Windies, South Africa start series in a draw
Sports
April 8, 2005

Windies, South Africa start series in a draw

An unbeaten hundred by Jacques Kallis allowed South Africa to bat through the final day of the first Digicel Test against the West Indies to ensure a draw at Bourda on Monday.

Following-on for the first time in over three years the tourists were indebted to Kallis, whose 109 steered his team to safety at 269 for four in their second innings when opposing captain Shivnarine Chanderpaul acknowledged that he no longer had any realistic prospect of winning. {{more}}The match was called off with eight of the mandatory final 15 overs left to be bowled.

Windies captain Shivnarine Chanderpaul was named Man-of-the-Match on the strength of his unbeaten 203 out of a total of 543 for five declared in his side’s only innings.

At 119 for three, an hour before lunch and given the manner of the dismissal, a decent crowd gathered at Bourda had reason to believe that the expected variable bounce and West Indian bowling discipline would get the better of the South Africans.

But Kallis remained rock solid, and with Herschelle Gibbs restraining his style, the pair made the match safe with a 139-run fourth-wicket stand that spanned just over four hours and was only ended when Gibbs lost concentration in the first of the final 15 overs.

Within one run of an 18th Test half-century, he offered no shot to a Ryan Hinds delivery that pitched outside the leg-stump and watched in bewilderment as the ball brushed his front pad before clipping his off-stump.

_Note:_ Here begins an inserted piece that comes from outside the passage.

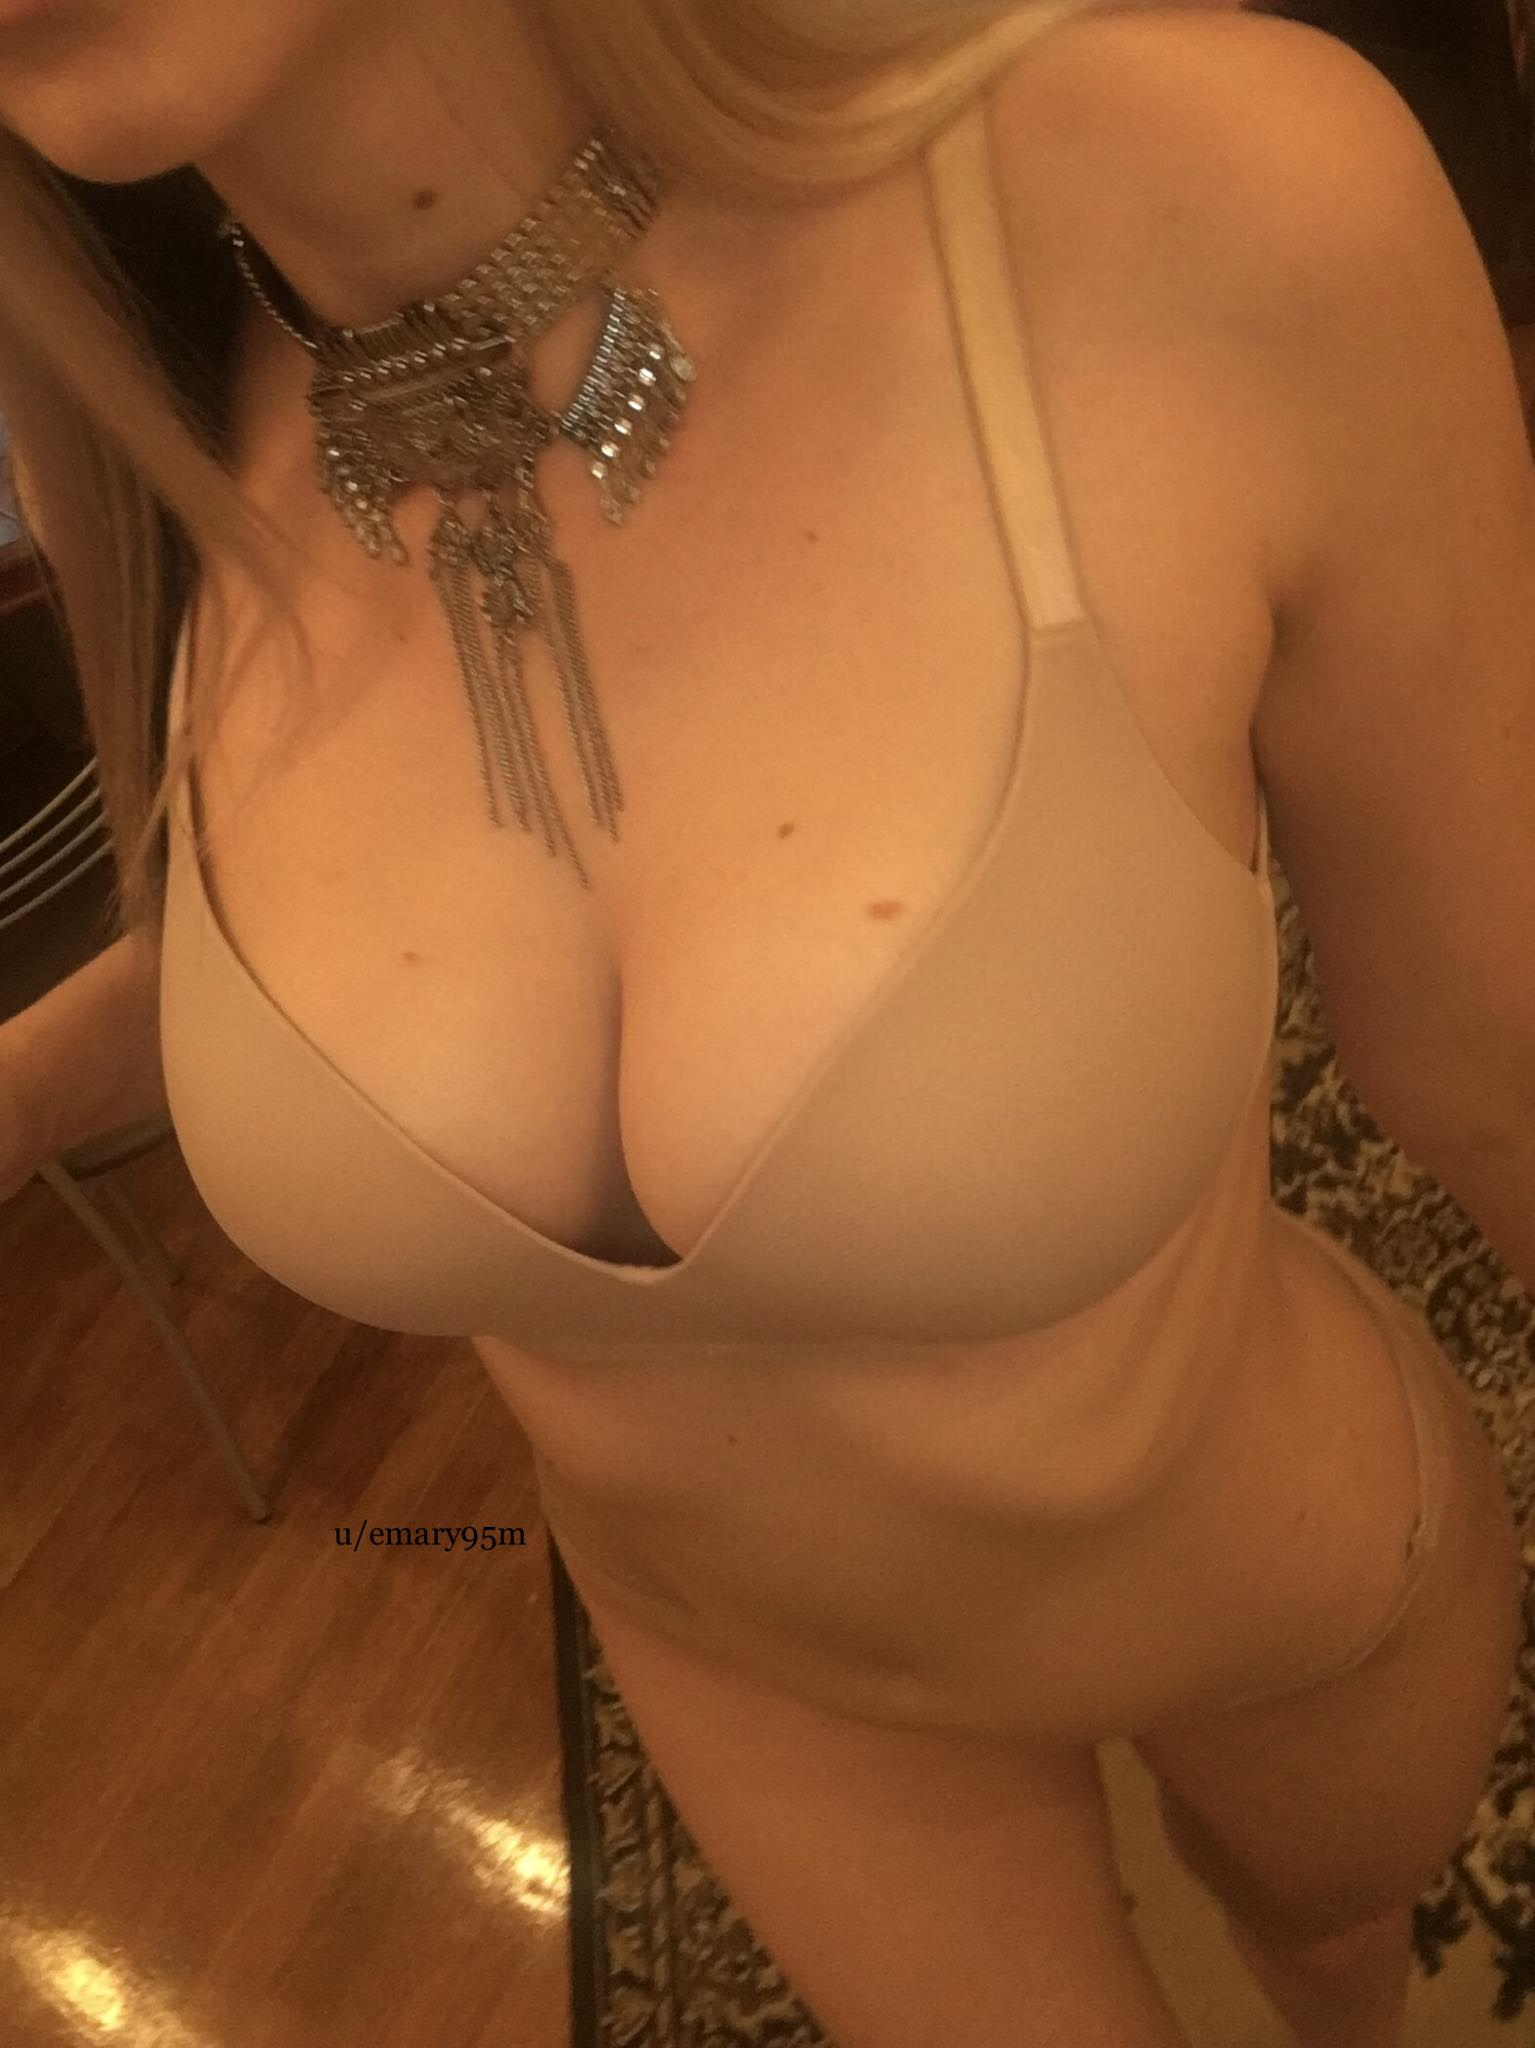 Andie Macdowell Nude In Love After Love f] love my nude bra porn pic - eporner

Yet whatever disappointment the 31-year-old would have felt at missing out on the milestone would have been eased considerably by the fact that his innings of 207 deliveries with six fours was almost as important as Kallis’.

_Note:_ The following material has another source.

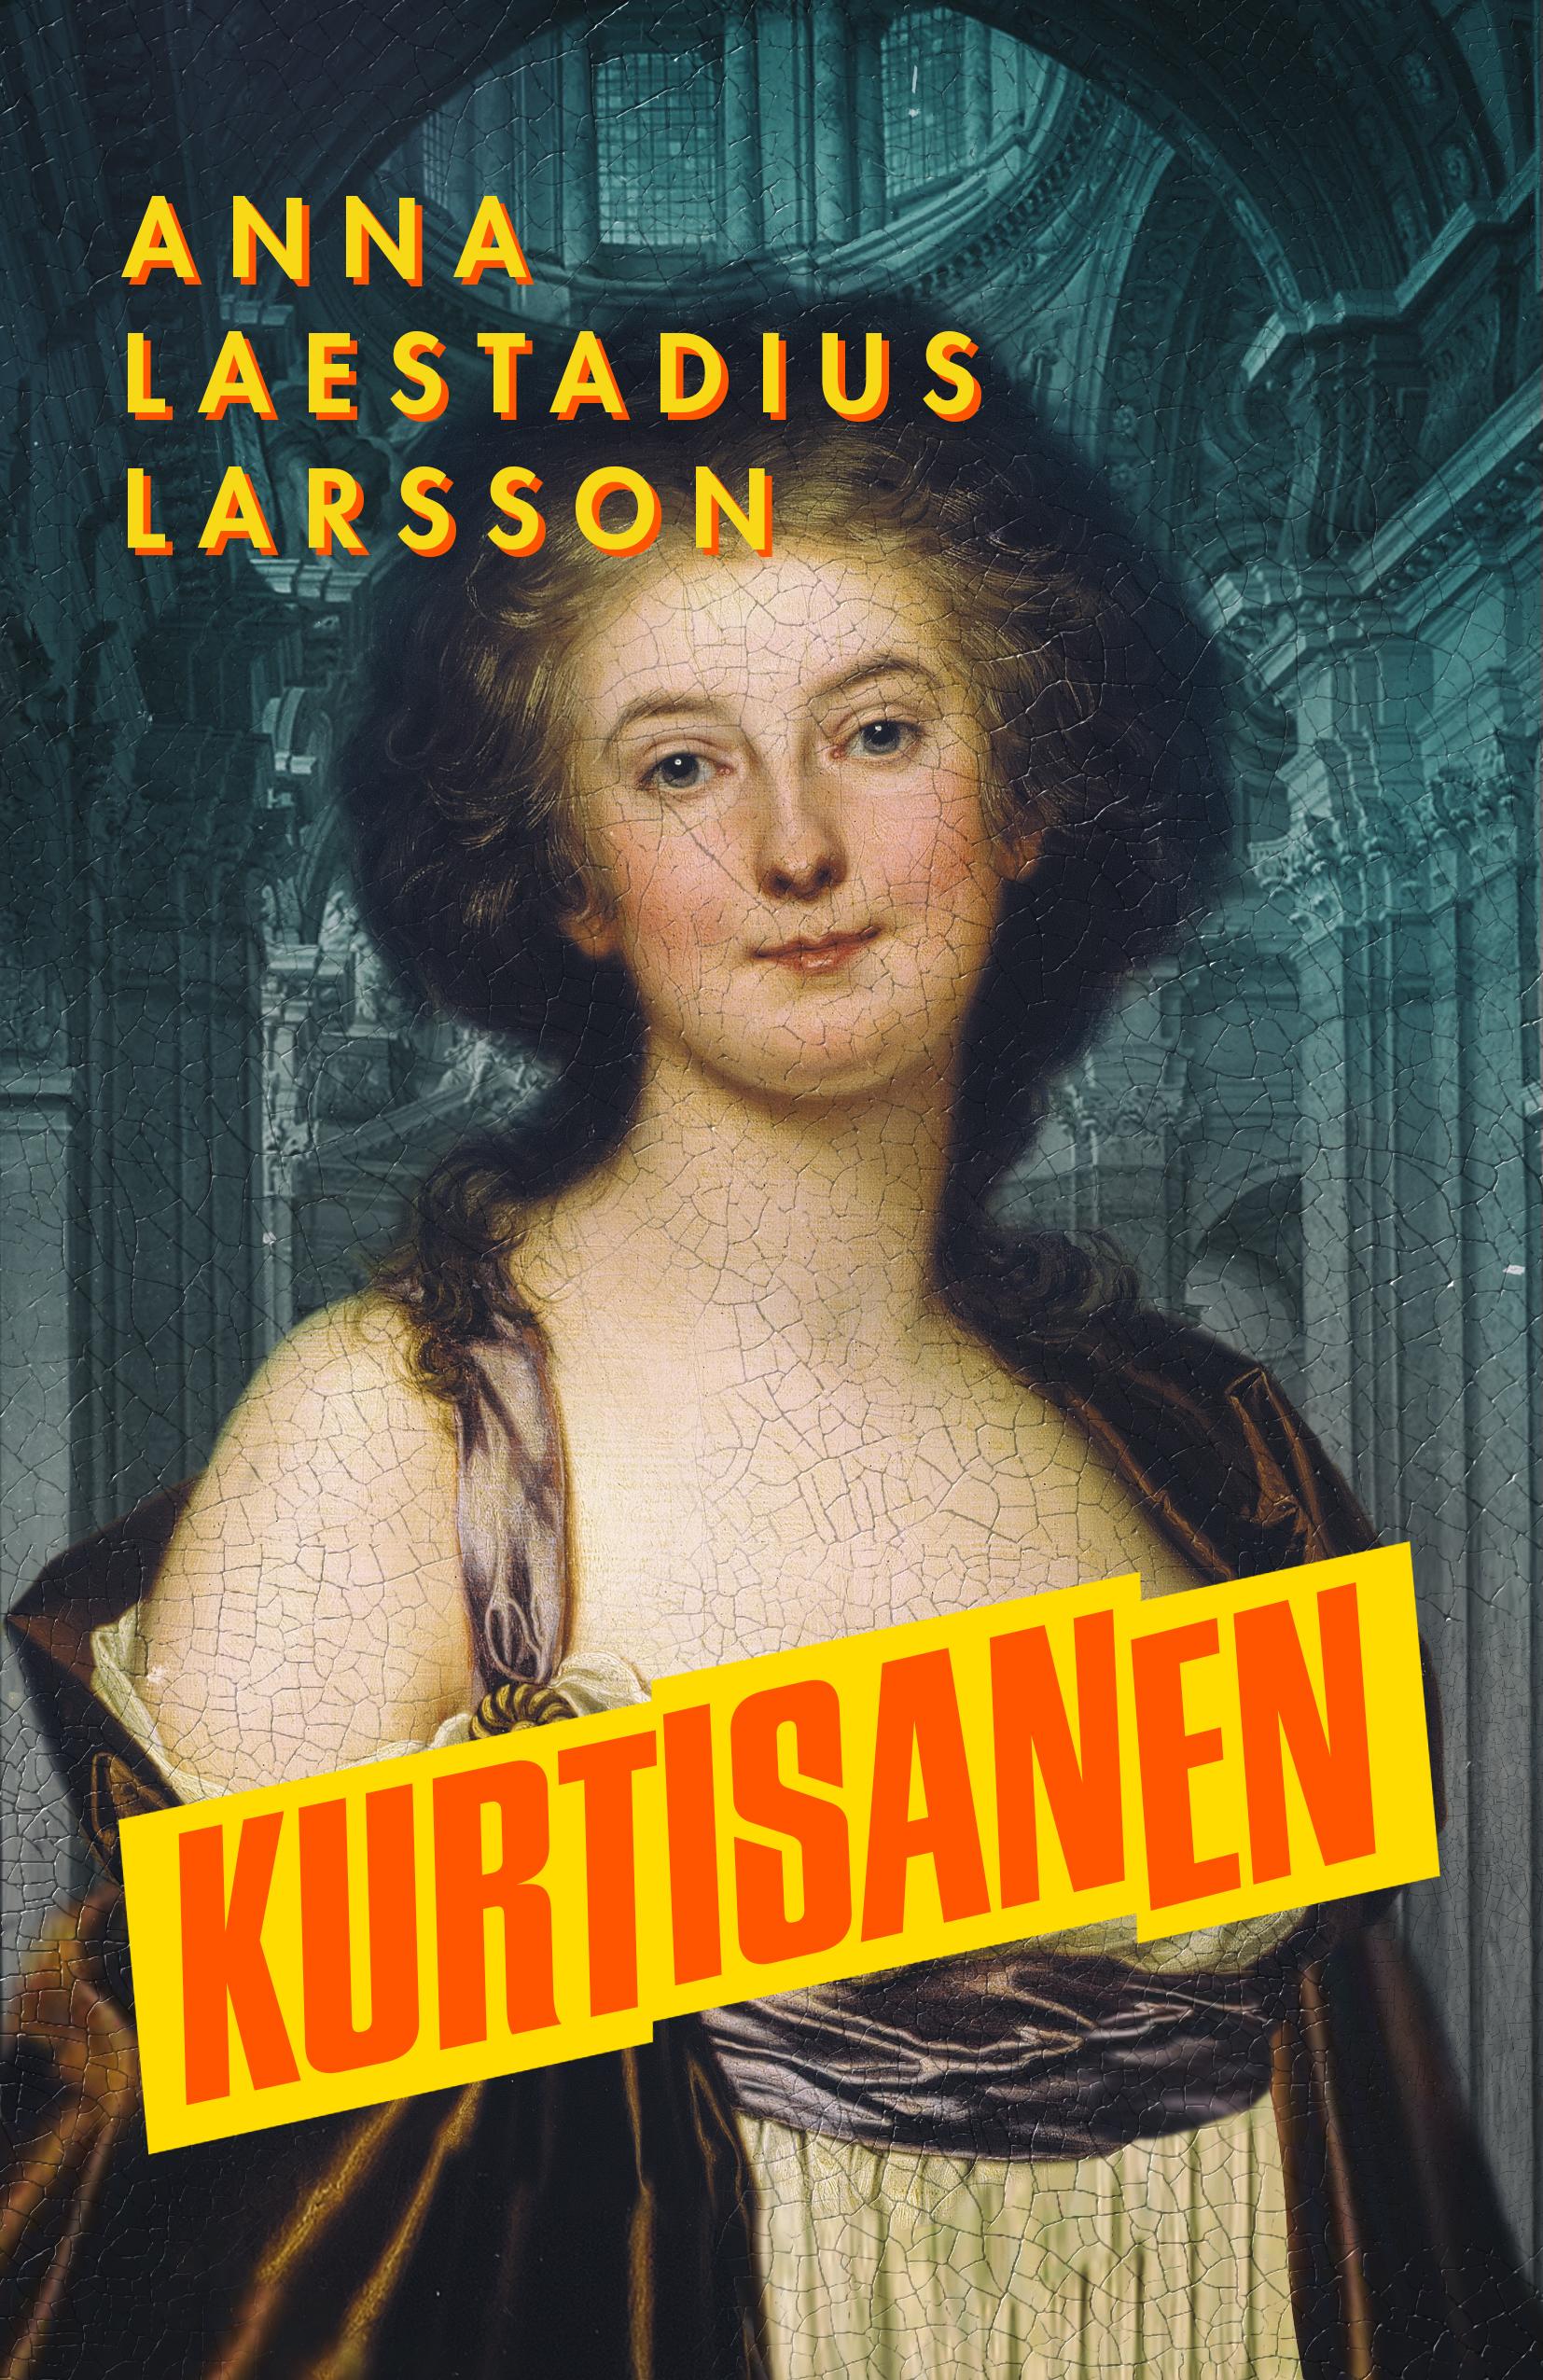 kurtisanen-inb.jpg

Mark Boucher, a joint top-scorer in the visitors’ first innings total of 188, did as was required in the final minutes before the match was called off.

For a West Indies side not given much hope at the start of the match last Thursday; the overall performance would also have been encouraging, leaving both teams upbeat before battle again in Trinidad today.

With former captain Brian Lara along with Chris Gayle and Ramnaresh Sarwan expected to return to the team for the Second Test in Port-of-Spain starting today, speculation was rife even at the close of play as to whether Chanderpaul would have been retained as skipper.

Try as he did in rotating his three frontline pacers and giving the part-time slow bowlers – including himself – a combined 71 overs during the course of the innings, Chanderpaul could not dislodge Kallis.

When he reached 55, he became only the second South African after Gary Kirsten to compile 7,000 Test runs, and in glancing Reon King to long-leg for his 100th run, the 29-year-old right-hander equalled Kirsten’s record of 21 for the most Test centuries for his country.

Resuming on the final morning in partnership with Jacques Rudolph, Kallis was a pillar of solidity throughout a day blessed with the best weather of the match. Yet he needed a slice of luck that, had it gone the other way, could have resulted in a different finish.

On 22, he edged Chanderpaul, but Courtney Browne could not get his gloves to it as it crashed into the wicketkeeper’s pads.

The Barbadian had earlier missed a difficult chance diving down the leg-side when Rudolph glanced a delivery from Darren Powell. The left-hander eventually fell lbw for 24 to Narsingh Deonarine.